An antenna according to a nineteenth illustrative example of this invention is a dual band antenna for a 2.4 GHz band and a 5 GHz band. As shown in Fig. 32, the dual band antenna is constituted by a dielectric substrate 2005 including in the inside thereof a planar conductive first element 2001 and a second element 2006 as a resonant element extending from a center of a top of the first element 2001, a ground pattern 2002 juxtaposed with the dielectric substrate 2005, disposed there from by an interval L202 (= 1.5 mm) and having an upper edge portion of a tapered shape with respect to the dielectric substrate 2005, a substrate 2004 on which the dielectric substrate 2005 and the ground pattern 2002 are mounted, and a high frequency power source 2003 connected to a feed point 2001a provided at the central portion of a bottom of the first element 2001. The size of the dielectric substrate 2005 is, for example, 8 mm x 4.5 mm x 1 mm.
The first element 2001 has a shape similar to a T shape, and specifically, has a shape similar to the planar element 1701 shown in Fig. 29A. Bandwidth control of the 5 GHz band is performed by a height L201 of this first element 2001. However, the bandwidth can also be controlled by the length of a side of a top portion and/or the shape and length of side edge portions with a reverse arc shape.

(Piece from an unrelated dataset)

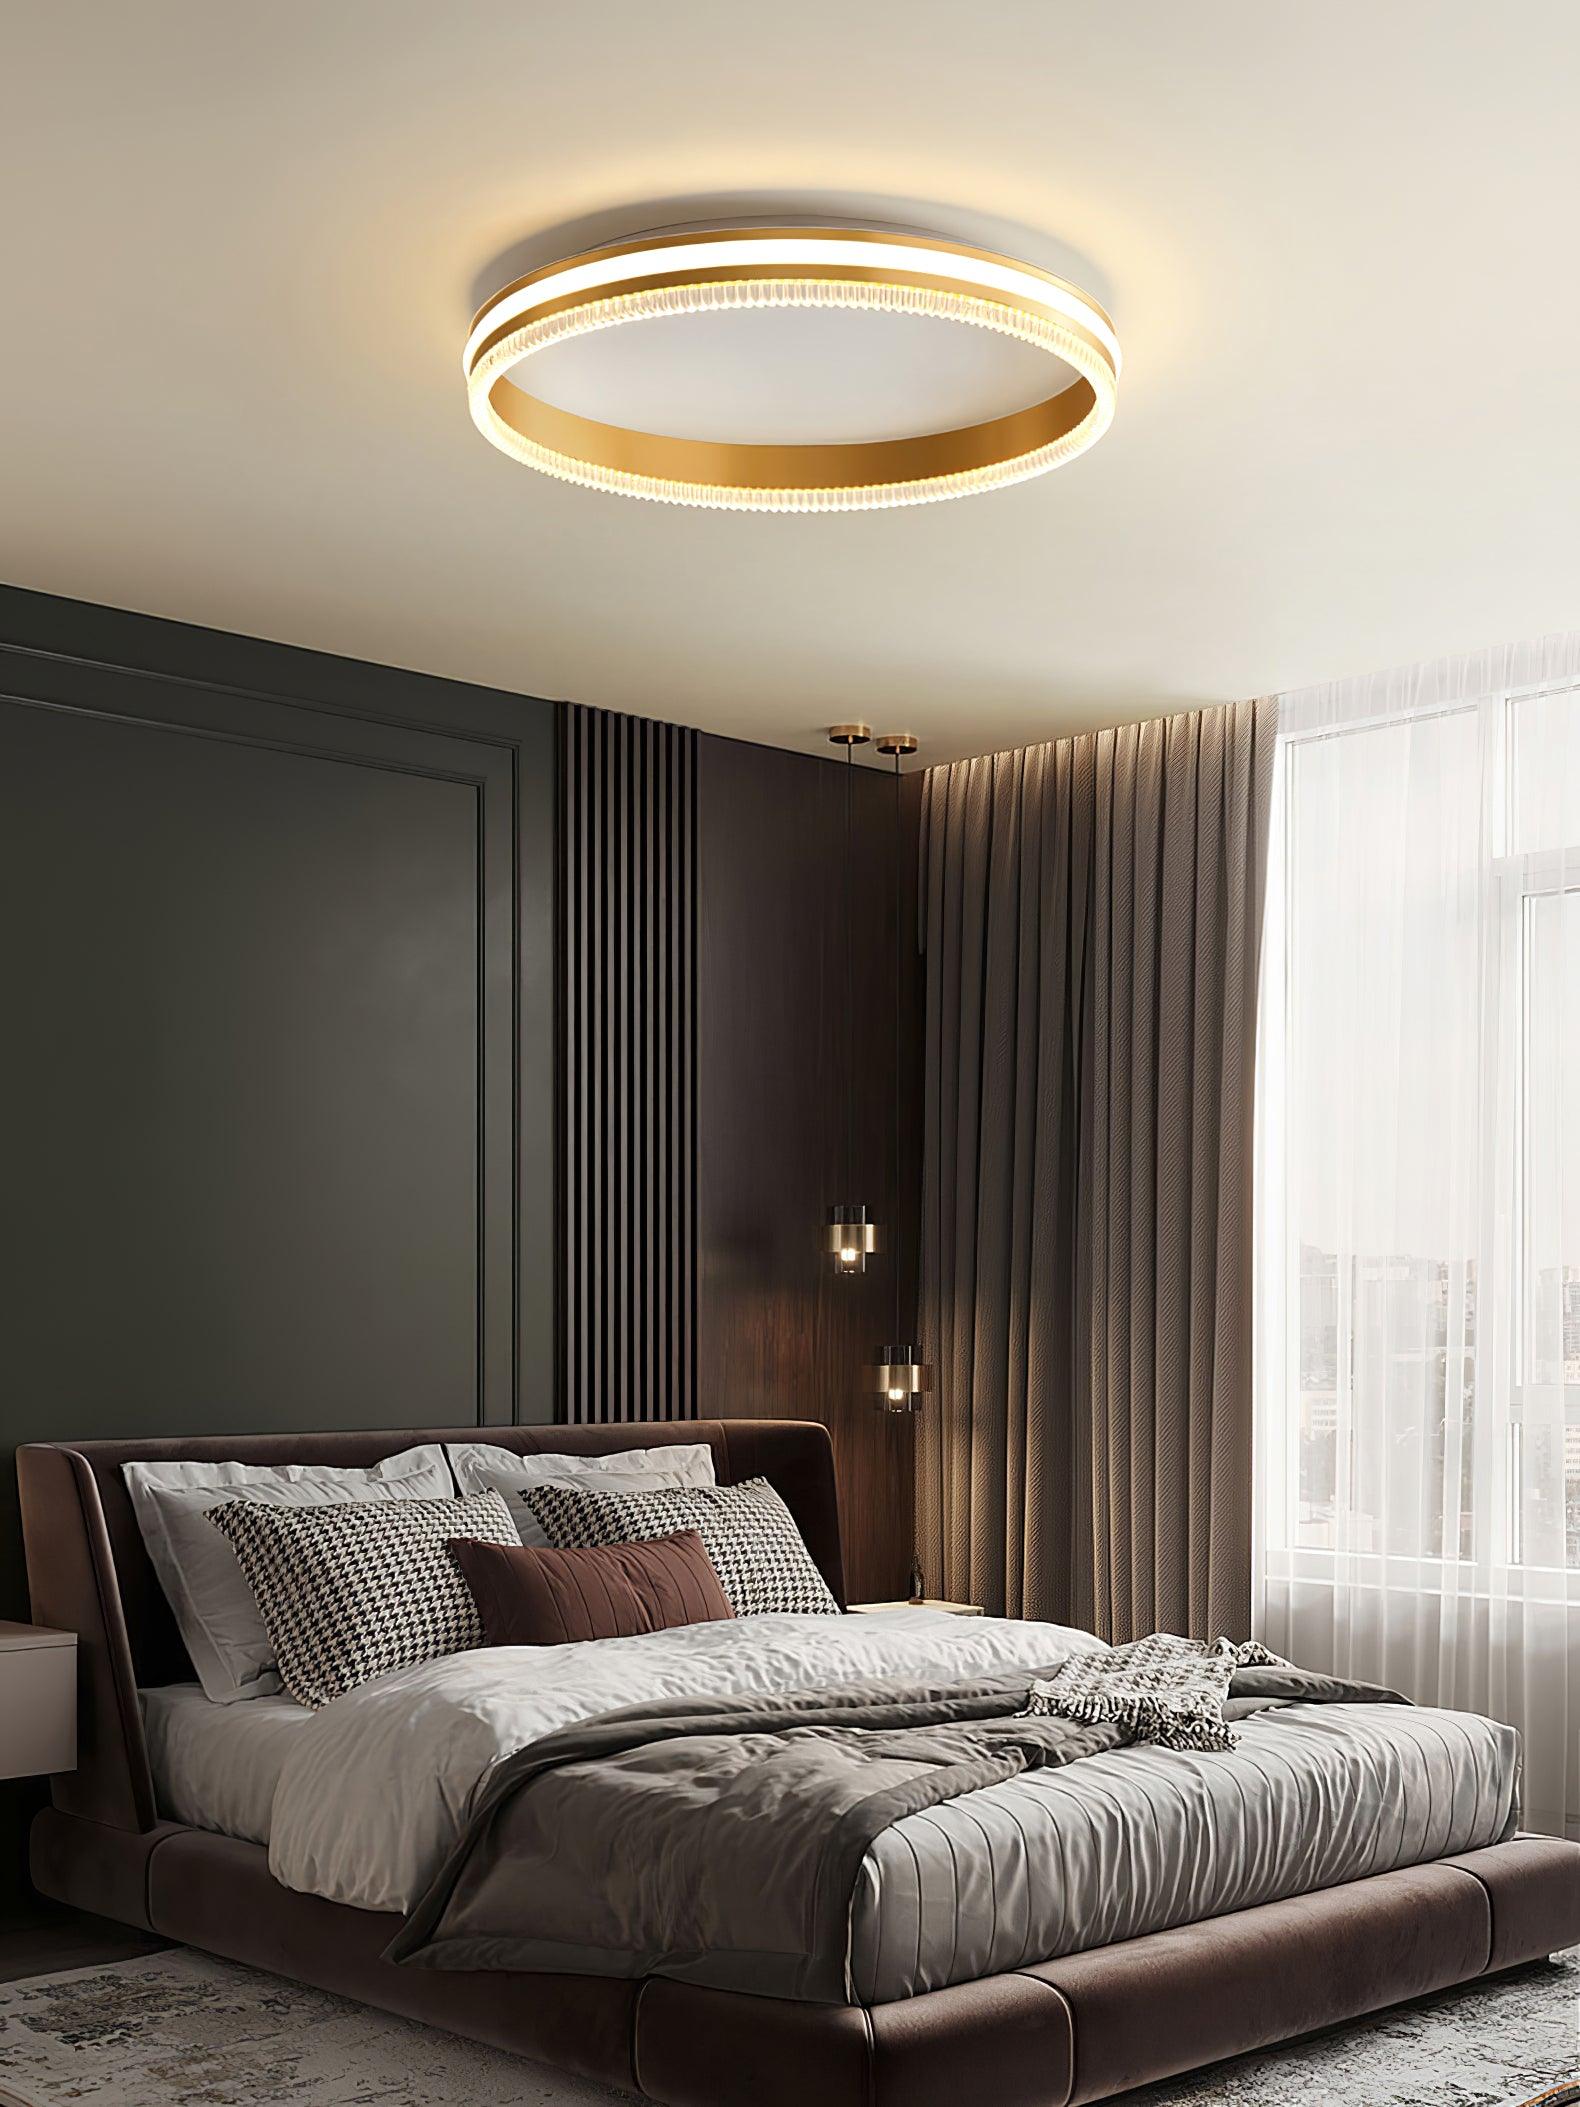 6-ring LED recessed light

The ground pattern 2002 has a width of 20 mm, and the height at both side edge portions of the ground pattern 2002 is lower than the height of a cross point of the ground pattern 2002 and a straight line 2011 passing through the feed point 2001a by L203 (= 2 to 3 mm) . That is, the ground pattern 2002 has a tapered shape formed of upper edge portions 2002a and 2002b with respect to the dielectric substrate 2005.
Incidentally, the structure of the side surface is almost similar to Fig. 29B except for the portion of the second element 2006. That is, a plane of the dielectric substrate 2005 including the first element 2001 and the second element 2006 and a plane of the ground pattern 2002 is disposed to be in parallel or substantially in parallel. However, the second element 2006 is provided in the same layer as the first element 2001.

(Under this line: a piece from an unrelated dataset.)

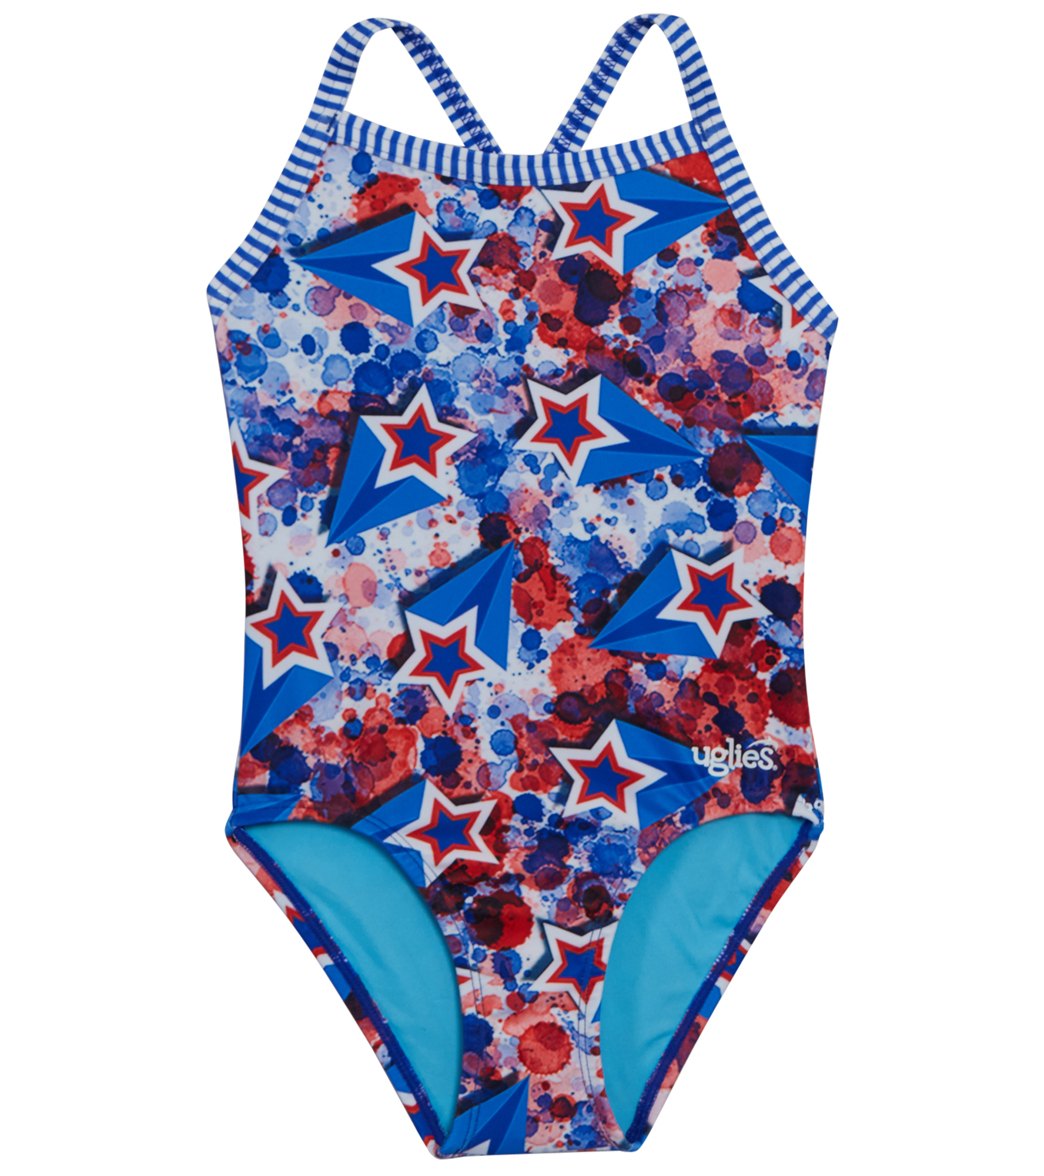 Dolfin Girls' Uglies Liberty One Piece Swimsuit at SwimOutlet.com

The first element 2001 and the ground pattern 2002 are symmetrical with respect to the straight line 2011. Besides, a length (hereinafter referred to as a distance) of a line segment extending from a point on the side edge portions of the first element 2001 to the ground pattern 2002 in parallel to the straight line 2011 is also symmetrical with respect to the straight line 2011. Further, the distance is gradually increased as the point on the side edge portions of the first element 2001 moves away from the straight line 2011.
The impedance characteristic is controlled by the shapes of the first element 2001 and the ground pattern 2002 as stated above. Besides, the resonant frequency of the 2.4 GHz band is controlled by adjusting the length of the second element 2006 from a connected portion with the first element 2001 to an open end. Incidentally, the second element 2006 has a bent shape so that miniaturization is achieved without exerting a bad influence on the characteristic of the first element 2001.

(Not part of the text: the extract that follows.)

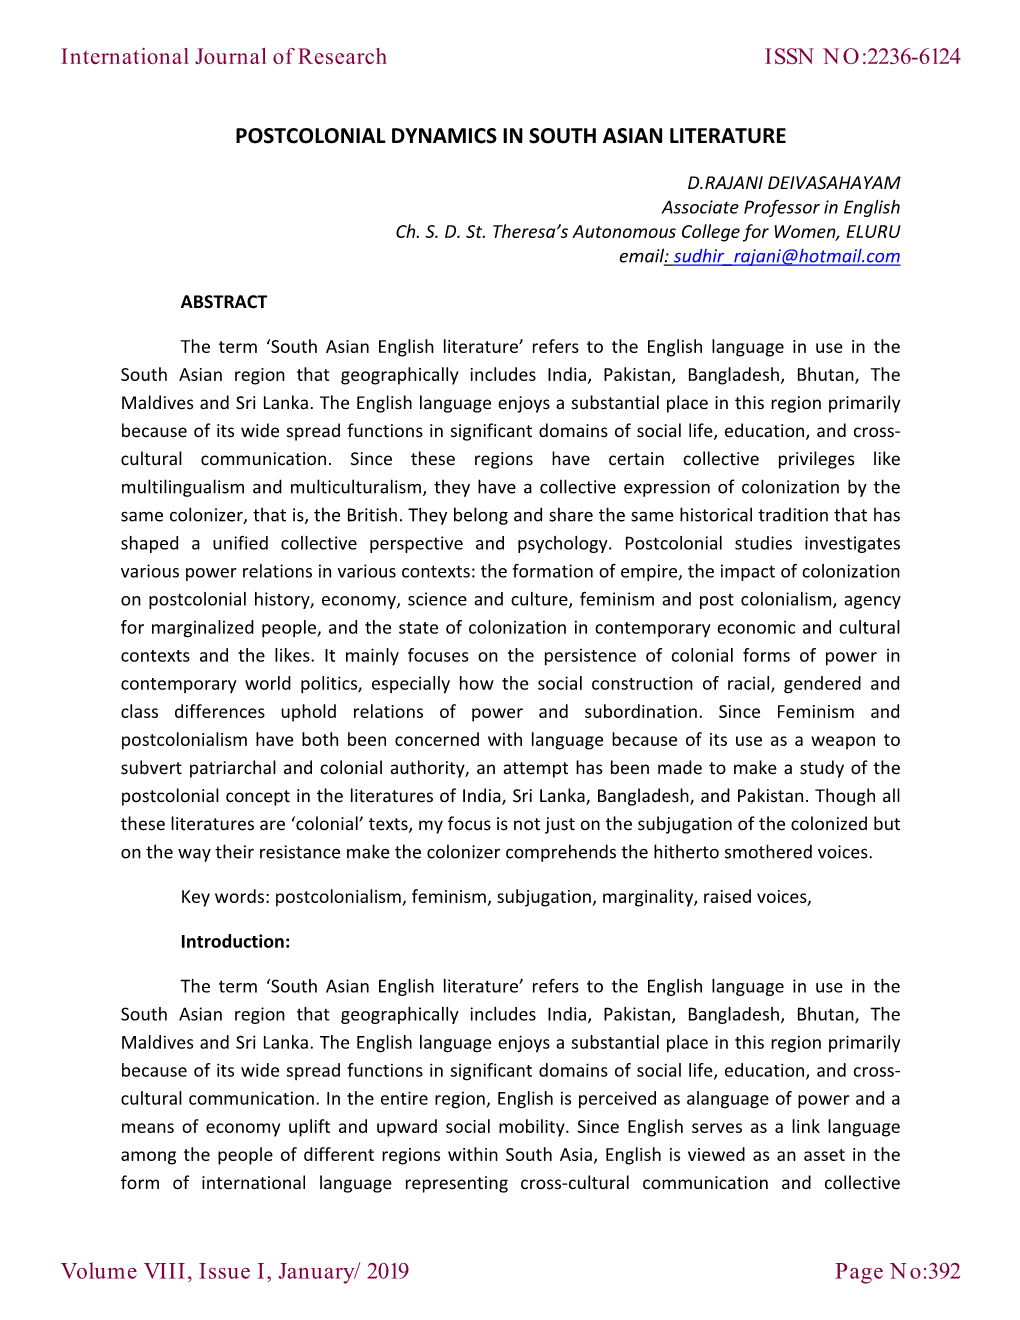 POSTCOLONIAL DYNAMICS in SOUTH ASIAN LITERATURE International Journal of Research Volume VIII, Issue I, January/2019 ISSN NO:223

By adopting the shapes as stated above, the electric characteristics of the 5 GHz band and the 2.4 GHz band can be separately controlled. The 5 GHz band and the 2.4 GHz band are bandwidths used in the standard of wireless LAN (Local Area Network), and this illustrative example capable of supporting both the frequency bandwidths is very useful.

[20th illustrative example]

An antenna of a 20th illustrative example of this invention is a ducal band antenna for a 2.4 GHz band and a 5 GHz band. This dual band antenna is constituted by, as shown in Fig. 33, a dielectric substrate 2105 including in the inside thereof a conductive planar first element 2101 and a second element 2106 as a resonant element extending from a center of a top of the first element 2101, a ground pattern 2102 juxtaposed with the dielectric substrate 2105, disposed there from by an interval L212 (= 1.5 mm) and having an upper edge portion of a tapered shape with respect to the dielectric substrate 2105, a substrate 2104 on which the dielectric substrate 2105 and the ground pattern 2102 are placed, and a high frequency power source 2103 connected to a feed point 2101a provided at the central portion of a bottom of the first element 2101. The size of the dielectric substrate 2105 is, for example, 10 mm x 5 mm x 1 mm.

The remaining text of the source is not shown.